Arch Neurol. 2006;63(4):562-569. doi:10.1001/archneur.63.4.562
Abstract

Background  A major challenge in the management of severely brain-injured patients with altered states of consciousness is to estimate their residual perception of the environment.

Objective  To investigate the integrity of detection of one's own name in patients in a behaviorally well-documented vegetative state (VS), patients in a minimally conscious state (MCS), and patients with locked-in syndrome.

Design  We recorded the auditory evoked potentials to the patient's own name and to 7 other equiprobable first names in 15 brain-damaged patients.

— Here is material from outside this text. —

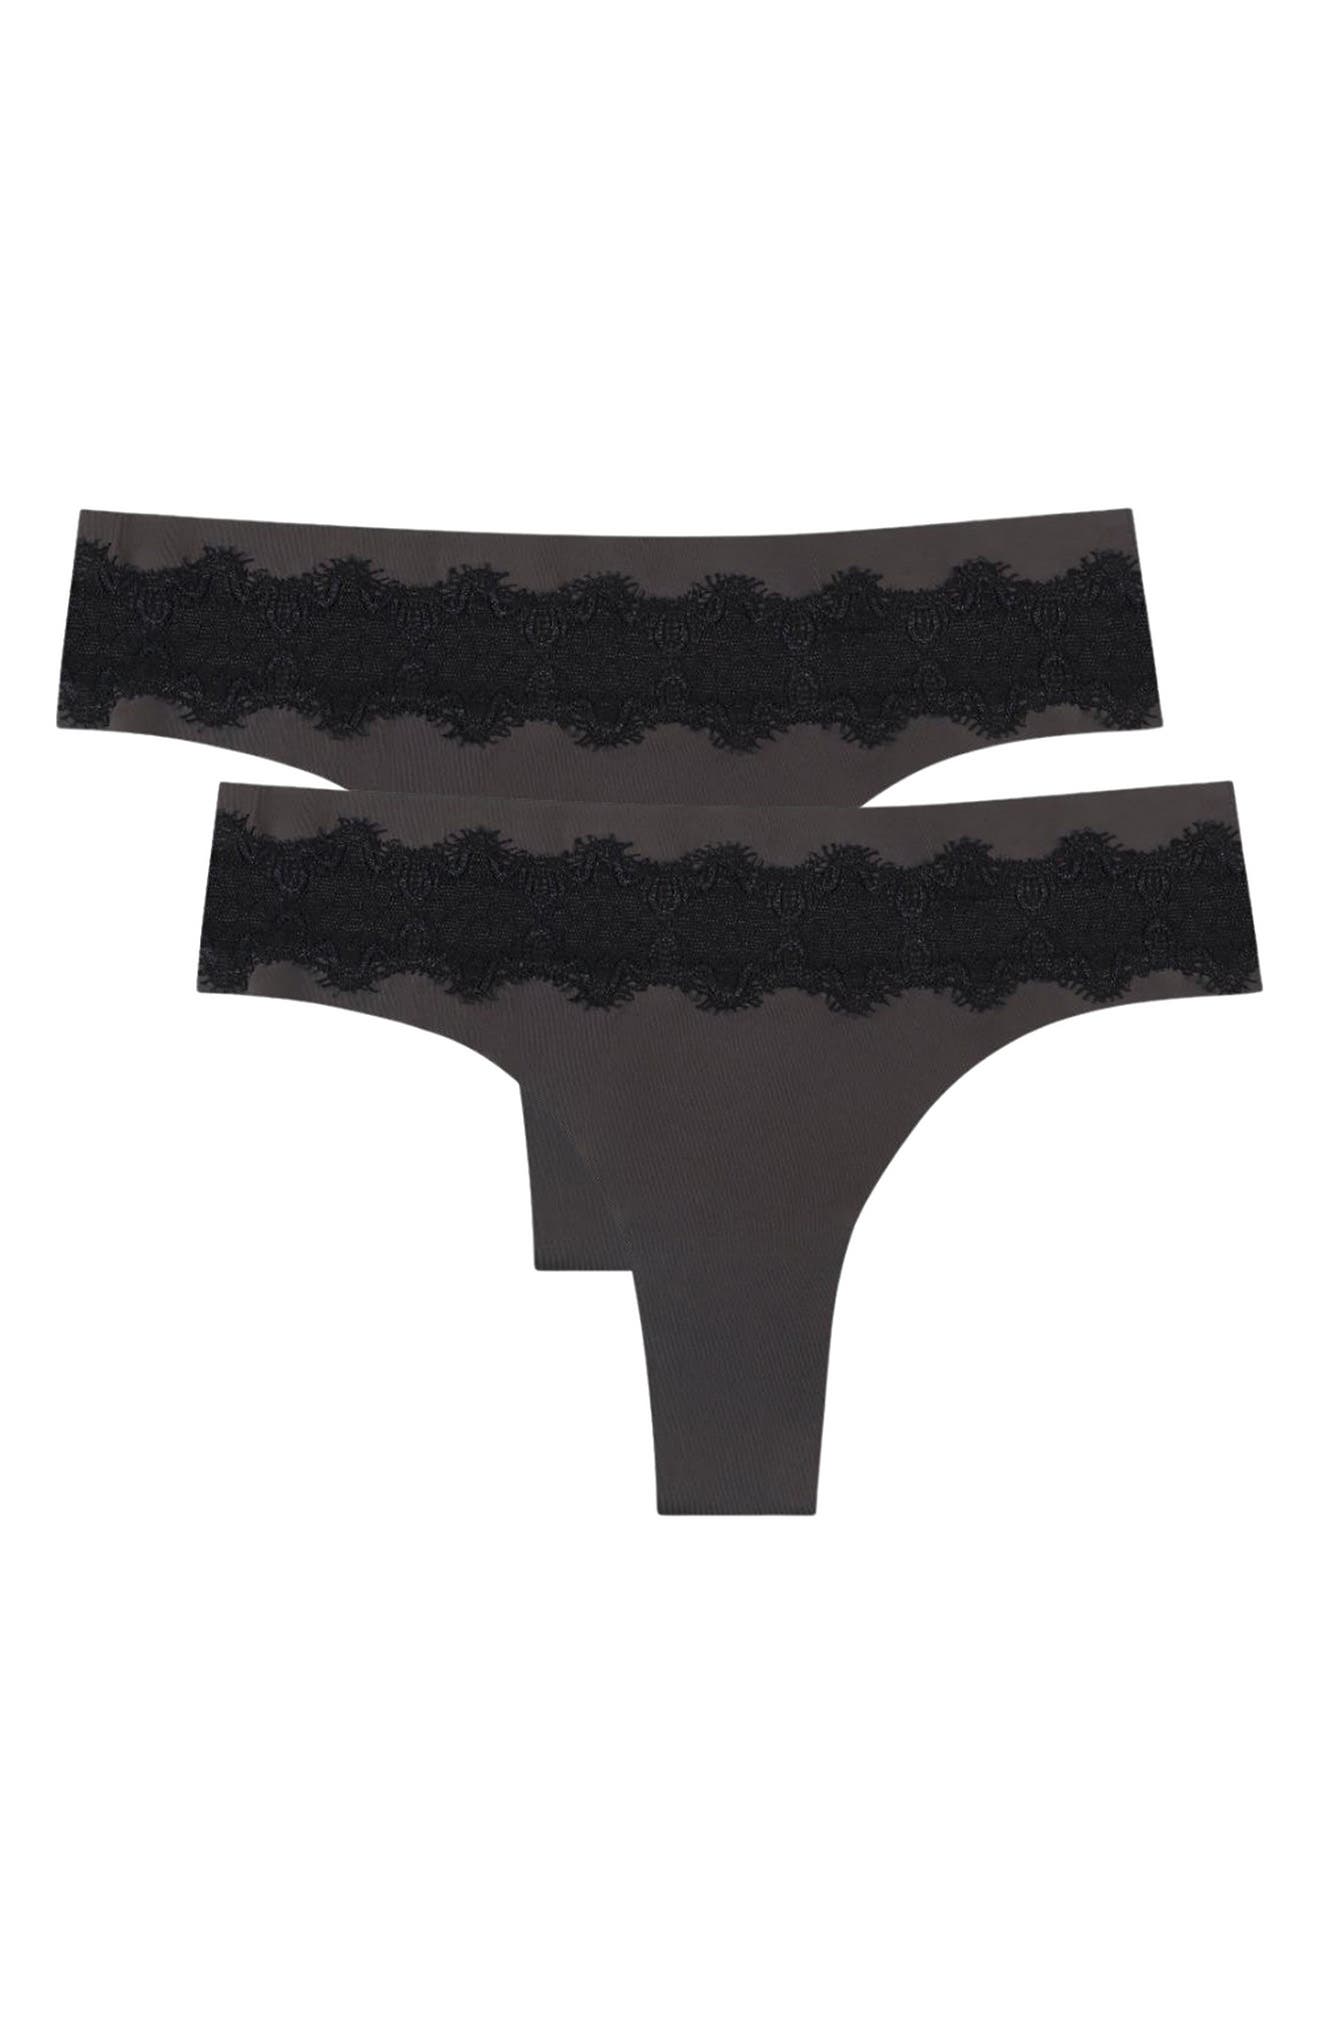 Andrew Scott Mens 18 Pack Hot Tanga Athletic Sport Bikini Underwear

Results  A P3 component was observed in response to the patient's name in all patients with locked-in syndrome, in all MCS patients, and in 3 of 5 patients in a VS. P3 latency was significantly (P<.05) delayed for MCS and VS patients compared with healthy volunteers.

Conclusions  These results suggest that partially preserved semantic processing could be observed in noncommunicative brain-damaged patients, notably for the detection of salient stimuli, such as the subject's own name. This function seems delayed in MCS and (if present) in VS patients. More important, a P3 response does not necessarily reflect conscious perception and cannot be used to differentiate VS from MCS patients.